Bankers are ruling us and setting us up for their next crashing of the economy, mistletoe-carrying drones are a good idea gone wrong, and thousands continue to protest injustice toward black and brown people in Washington DC and Washington Square. In happier news: – just one photo we posted this week on Instagram – LMNOPI’s painting of a small boy protester – united the boy’s mother with the artist and us via social media, which was kind of magical. See a version of the image below. The city is also crammed with tourists (Hi Aunt Bobbie and Uncle Roy! Hi Kate and William!), drunken Santa’s are somewhat less cranky this year, and the Dyker Heights neighborhood in Brooklyn is already encrusted with Christmas lights.

Here’s our weekly interview with the street, this week featuring $howta, Crummy Gummy, Dhear, Don John, Eelco Virus, LMNOPI, London Kaye, Mistakoy, Mr. Oneteas, Peter Van Flores, Rocko, Tracy168, WERC, and ZIMAD.
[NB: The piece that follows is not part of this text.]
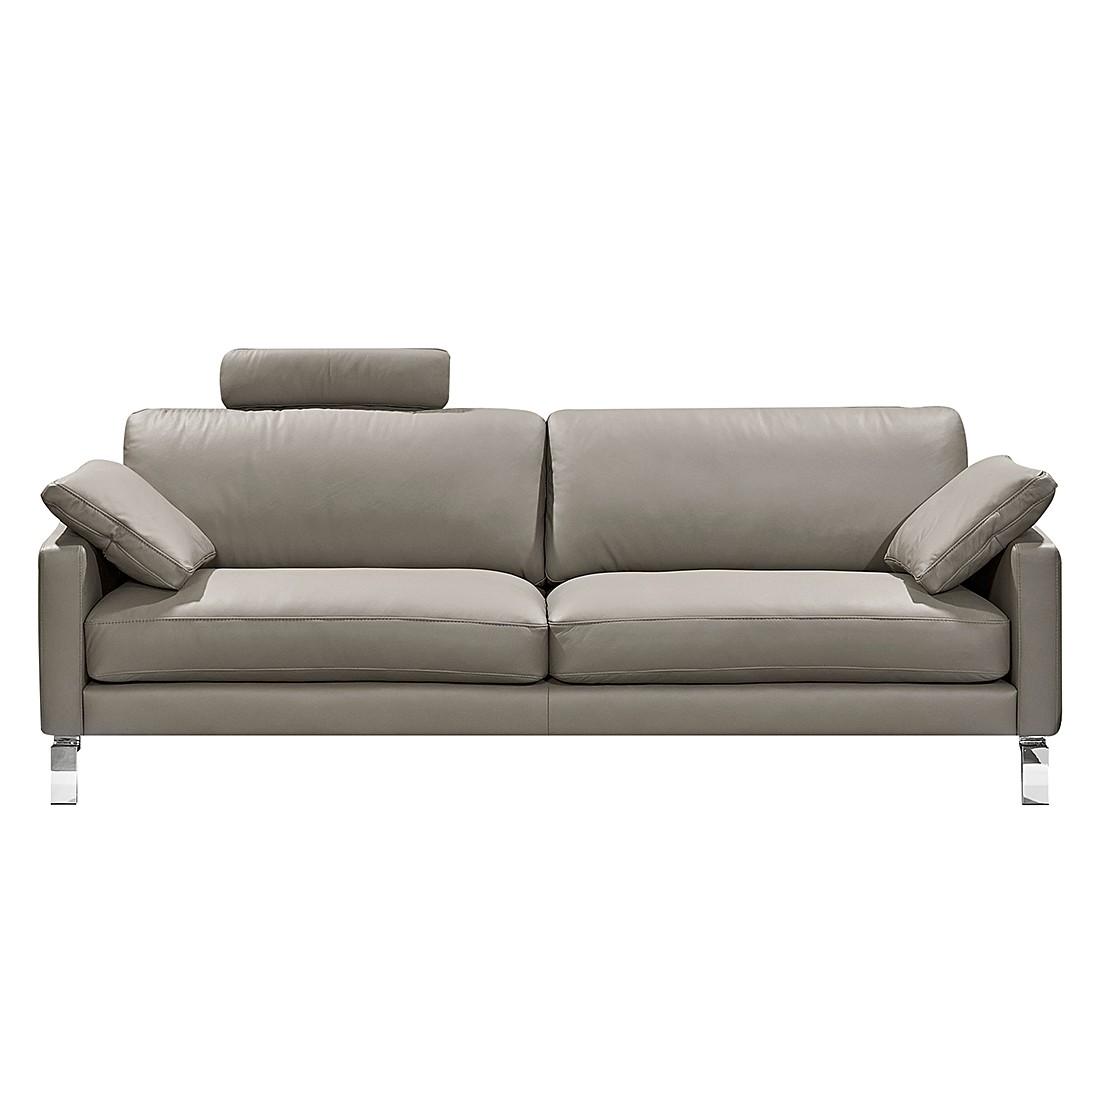 sofa casual line iv 2 5 sitzer echtleder grau gedecktes dickleder claas claasen bestellen. Black Bedroom Furniture Sets. Home Design Ideas

Top Image >> A Mr. OneTeas tribute to Keith Haring appeared in Soho. Earlier in the week an “I Can’t Breath” piece by the artist appeared on the street in Williamsburg but was torn down before we could get to it. Things happen fast sometimes with this ephemeral form of speech, and some pieces (like anything too cutesy or anything with male nudity) come down fast. The artists Instagram has a version of the large wheatpaste. (photo © Jaime Rojo)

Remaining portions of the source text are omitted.